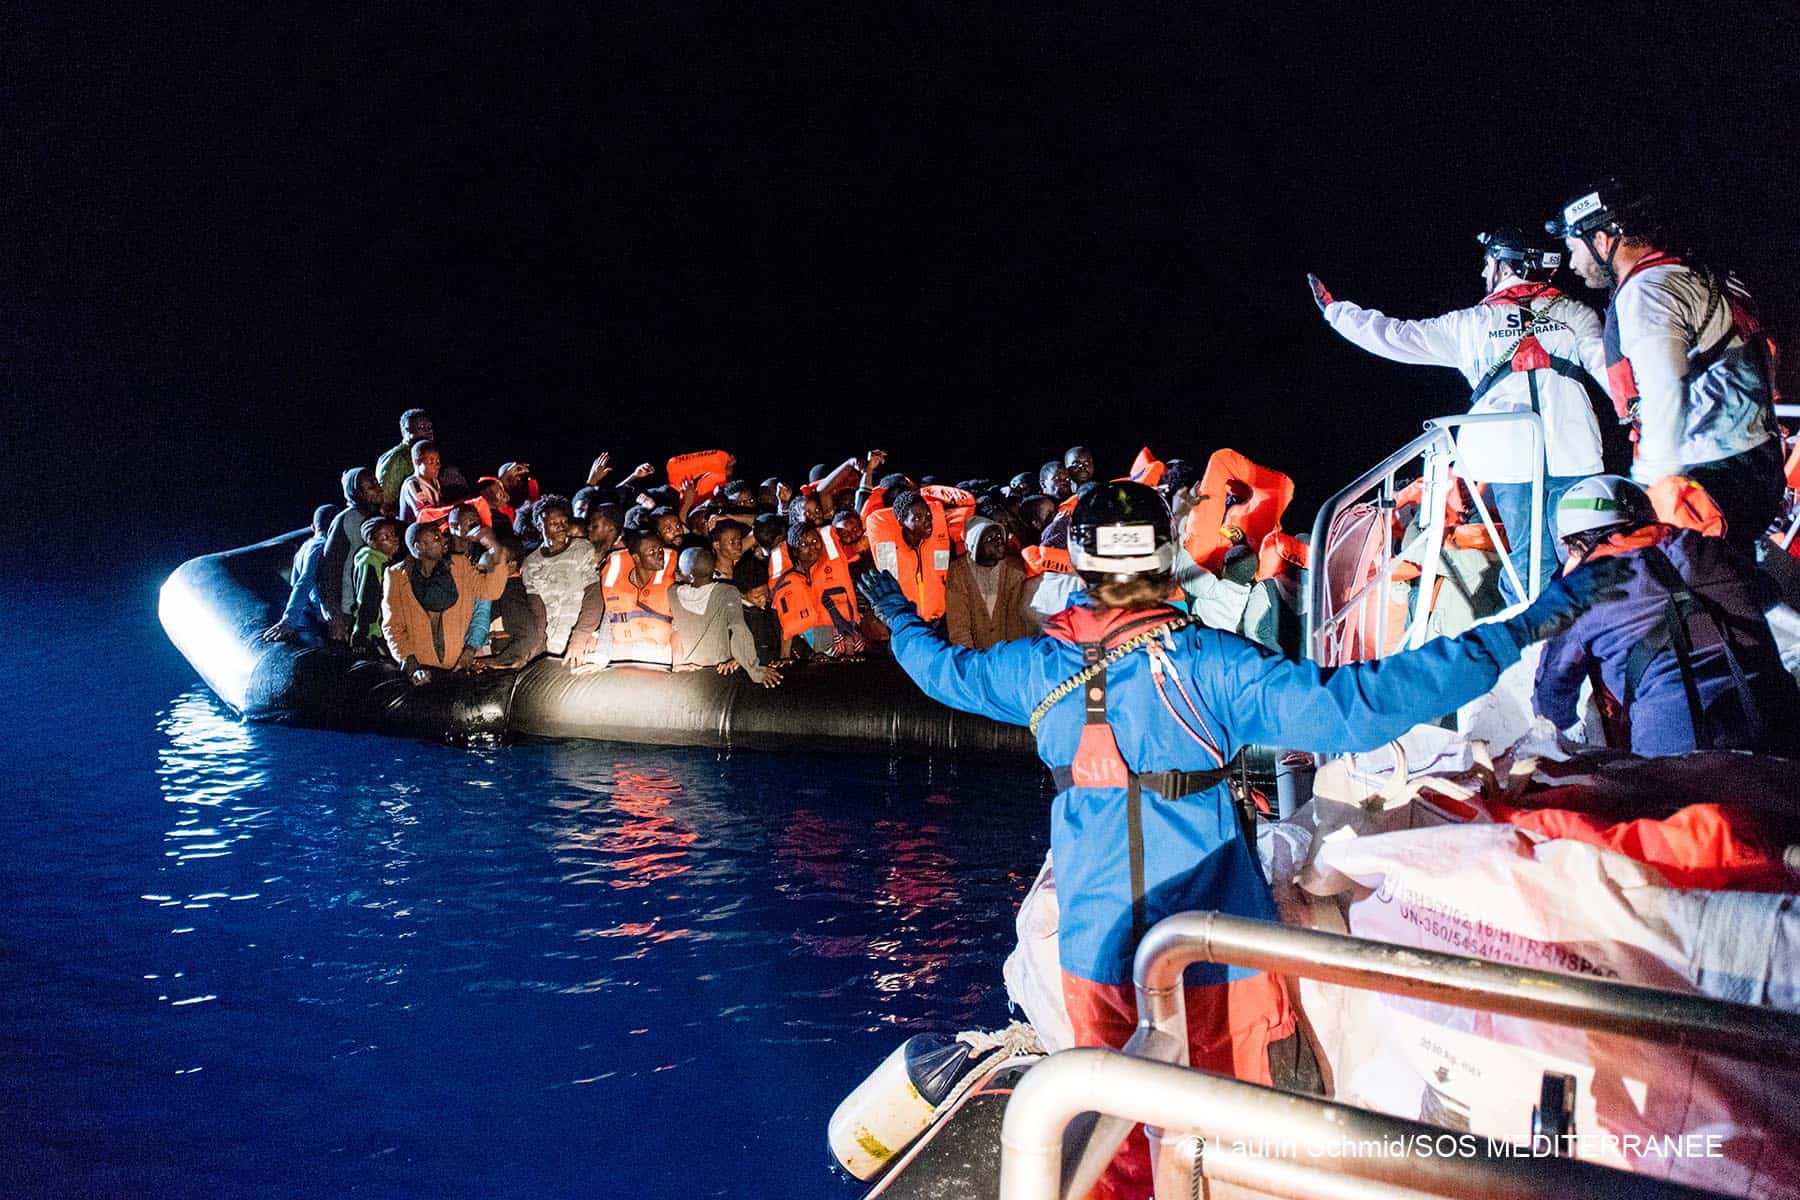 Se avete intenzione di riportarmi in Libia, salto giù dalla barca  – Diario di bordo – dal SAR team
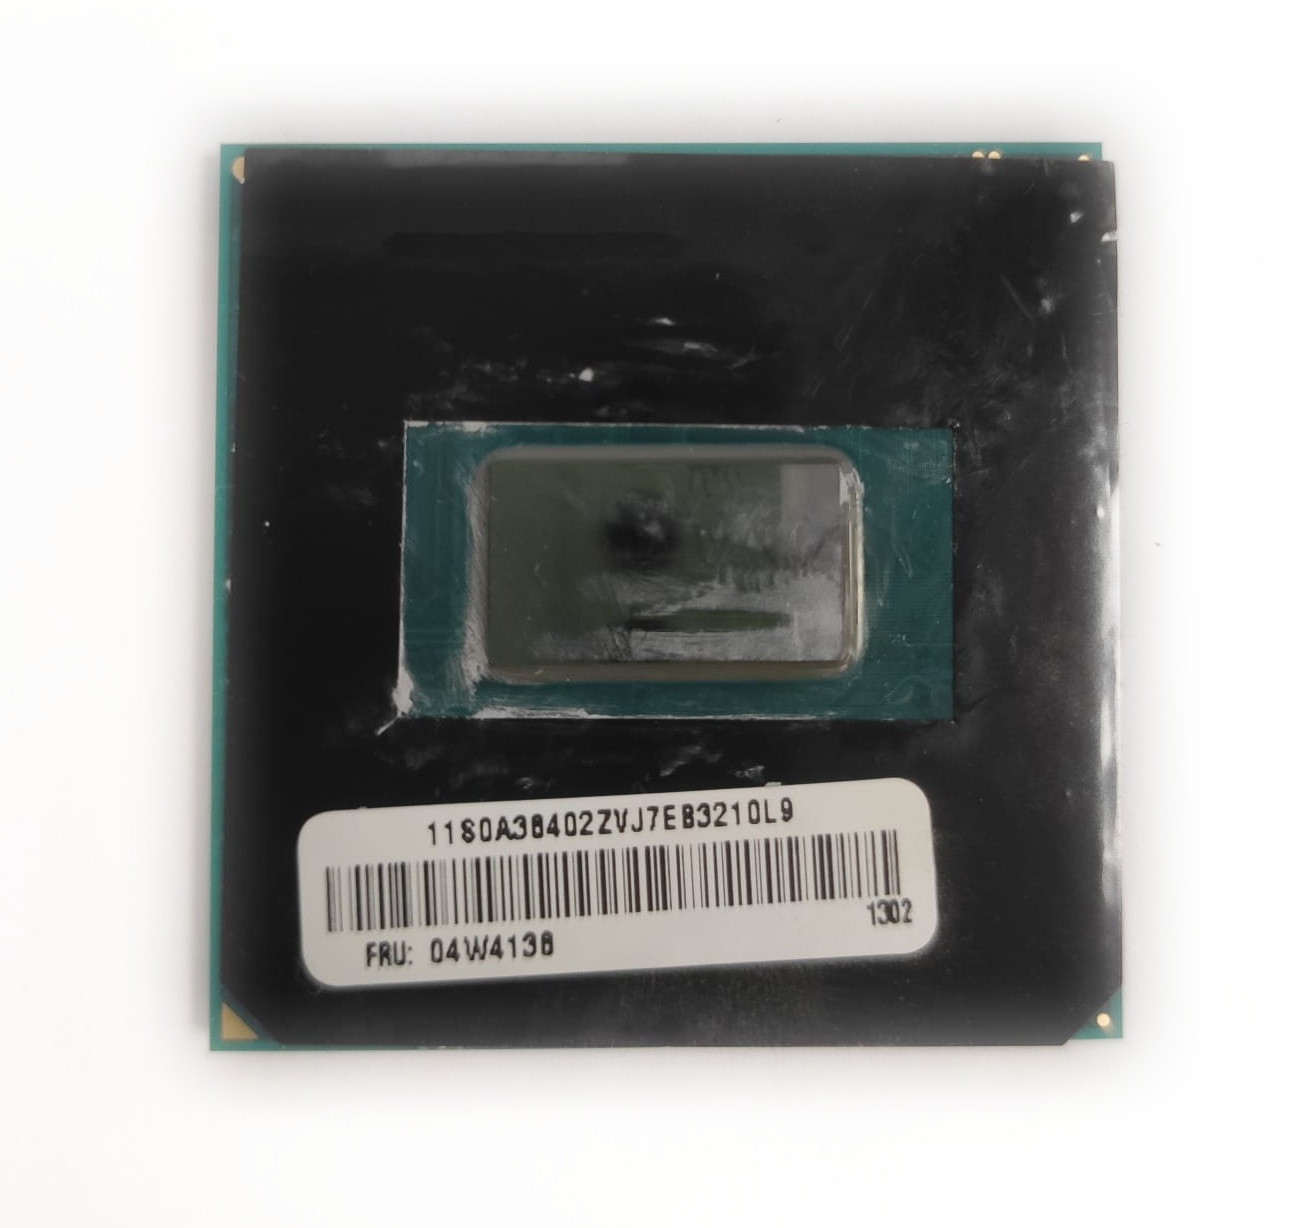 Intel Core i5-3360M @ 2.80GHz SR0MV
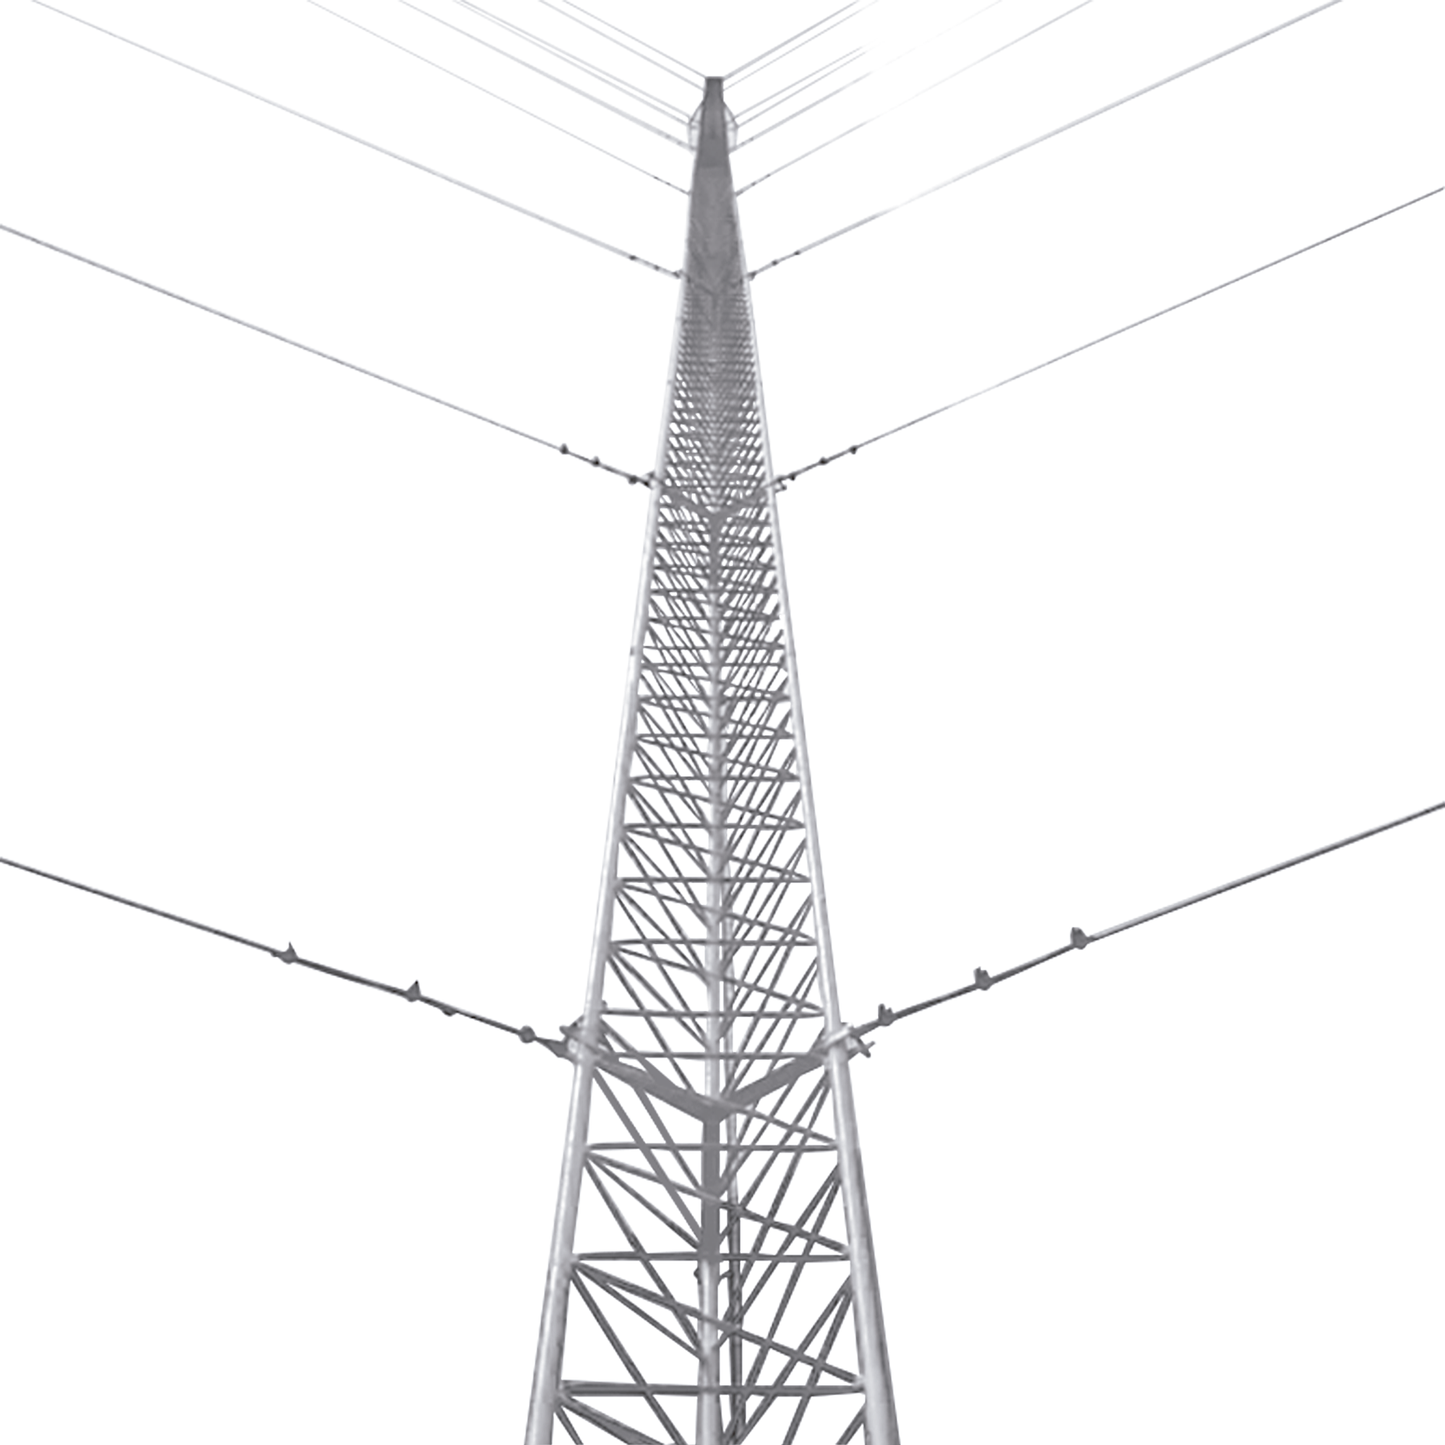 Kit de Torre Arriostrada de Techo de 3 m con Tramo STZ30G Galvanizada por InmersiÃ³n en Caliente (No incluye retenida).

Your assignment: Type the listing above out again exactly, and omit all pictures.

Answer box:
 Se avete intenzione di riportarmi in Libia, salto giù dalla barca  – Diario di bordo – dal SAR team
 Intel Core i5-3360M @ 2.80GHz SR0MV
 Kit de Torre Arriostrada de Techo de 3 m con Tramo STZ30G Galvanizada por InmersiÃ³n en Caliente (No incluye retenida).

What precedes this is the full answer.